MATERIALIZED VIEW

A materialized view is a special database object that can periodically cache query results to improve performance and efficiency. Since the data in a materialized view is precomputed, querying the materialized view is usually faster than directly querying the base table. This performance difference can be very significant when queries are frequently run or sufficiently complex. Therefore, materialized views can accelerate expensive aggregation, projection, and selection operations, especially those that are frequently run and operate on large datasets.

Materialized View

  • Materialized views can improve the performance of queries that repeatedly use the same subquery results. Query rewriting is possible.
  • When the table corresponding to the data in the materialized view undergoes insert, overwrite, update, or delete operations, the materialized view will automatically become invalid and cannot be used for query rewriting.

When to Create a Materialized View

Materialized views are particularly suitable for the following situations:

  • The query results contain fewer rows and/or columns compared to the base table.
  • The query results require extensive processing, including semi-structured data analysis, long-running aggregations, etc.
  • The base table of the materialized view does not change frequently.

Singdata Lakehouse Materialized View Features

  • Materialized views can improve the performance of queries that repeatedly use the same subquery results.
  • Materialized views support scheduled refresh functionality. This can be created through SQL syntax, which is more efficient and less error-prone compared to manually maintaining materialized views at the application level.
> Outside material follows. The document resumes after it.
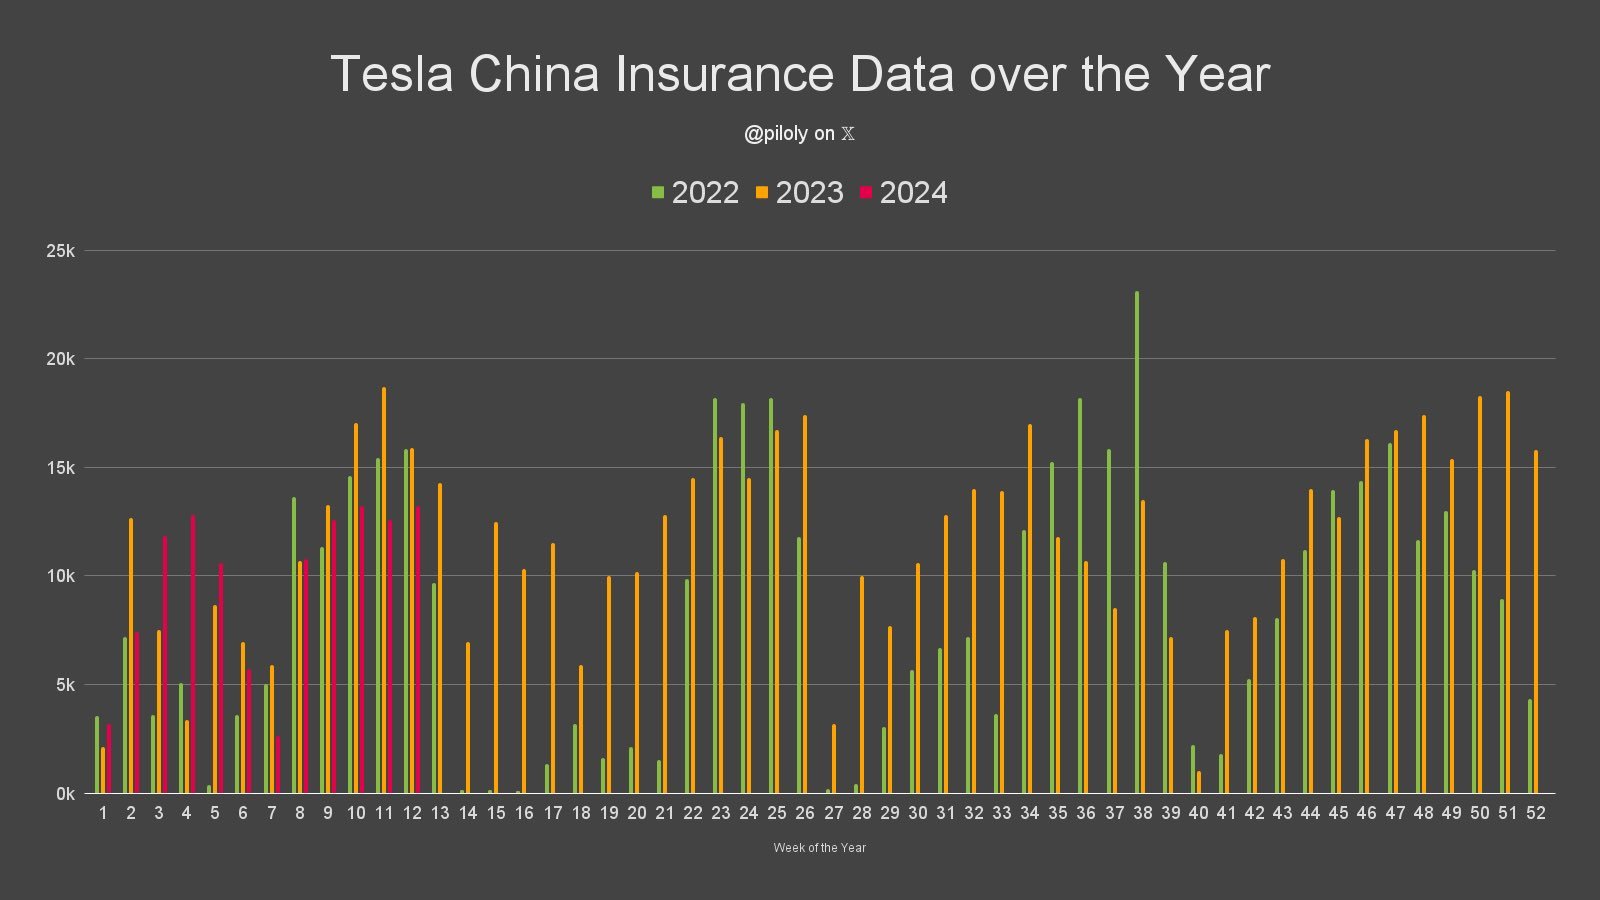 13.2 萬次特斯拉保險註冊  特斯拉似乎正在努力穩定其在中國的銷售趨勢， 同時顯著增加出口  還剩下 1 個星期.. $特斯拉 (TSLA.US)$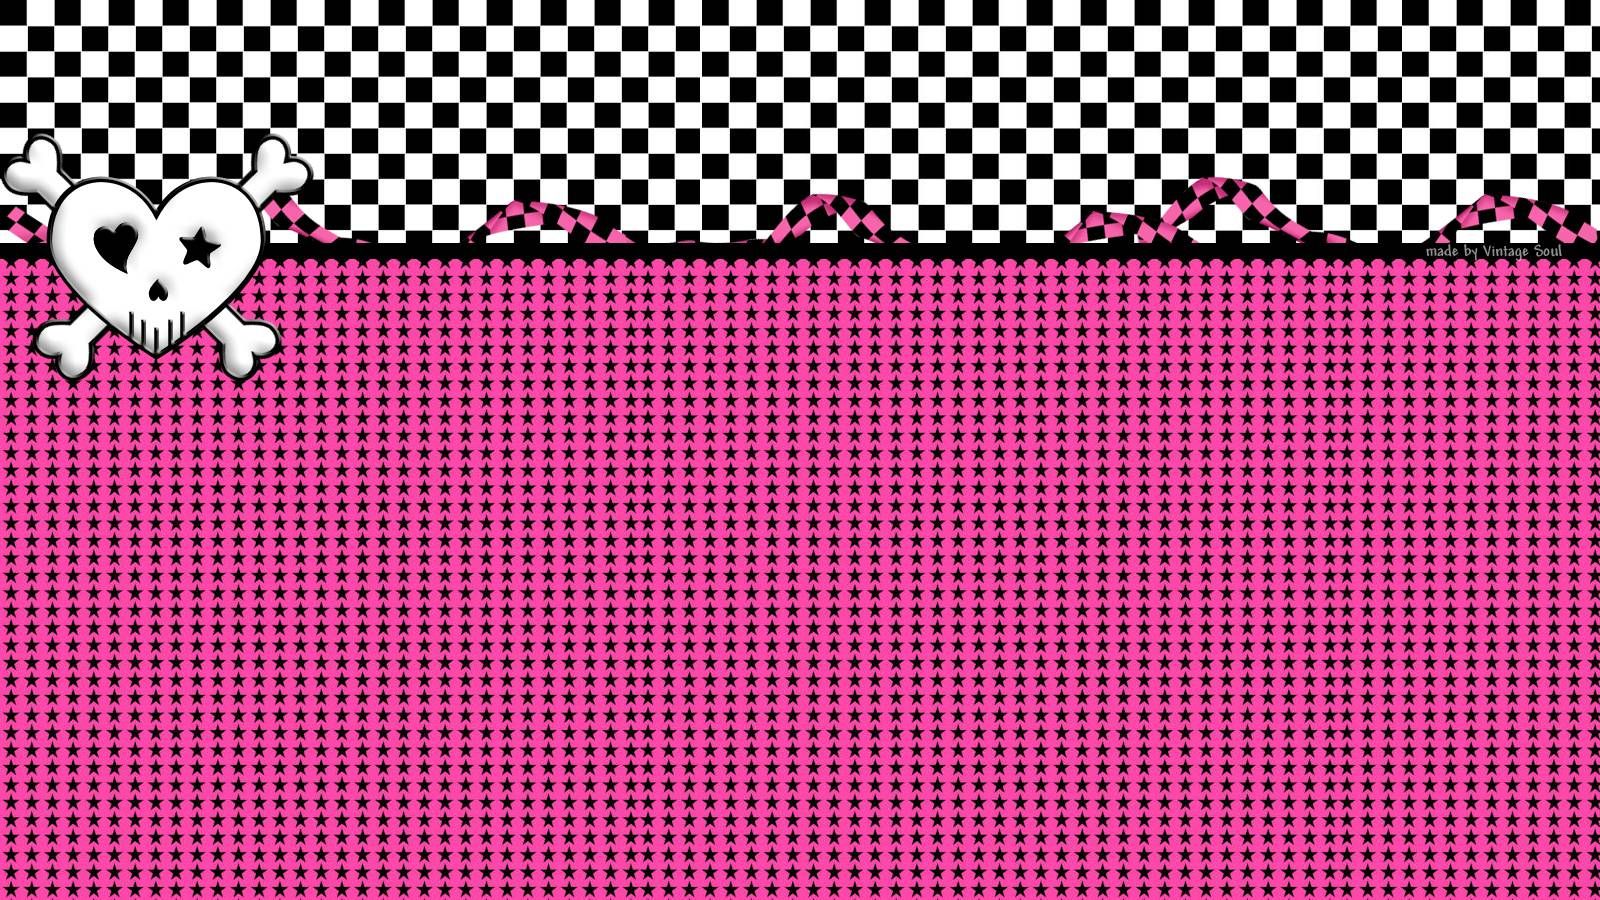 Pink Punk Tumblr Wallpapers

Choosing Between Materialized Views and Regular Views

Generally, when deciding whether to create a materialized view or a regular view, the following criteria can be used:

  • If the query results of the view do not change frequently, are used frequently, and the query consumes a lot of resources, create a materialized view.
  • If the query results of the view change frequently, are not used frequently, or the query does not consume too many resources, create a regular view.

Comparison of Materialized Views with Tables, Regular Views, and Cached Results

Materialized views are similar to tables in some ways and similar to regular (non-materialized) views in other ways. Additionally, materialized views have some similarities with cached results, particularly in that both allow storing query results for future reuse.

Materialized View Management

Singdata Lakehouse provides the following DDL commands to create and maintain materialized views:

  • Create Materialized View: Creating a materialized view requires specifying the base table, query statement, and other related parameters. Once created successfully, the materialized view will be stored in the database for subsequent queries.
  • Drop Materialized View: When a materialized view is no longer needed, it can be dropped to release related resources.
  • Refresh Materialized View: When the data in a materialized view needs to be updated, the refresh operation can be executed to update the data in the materialized view.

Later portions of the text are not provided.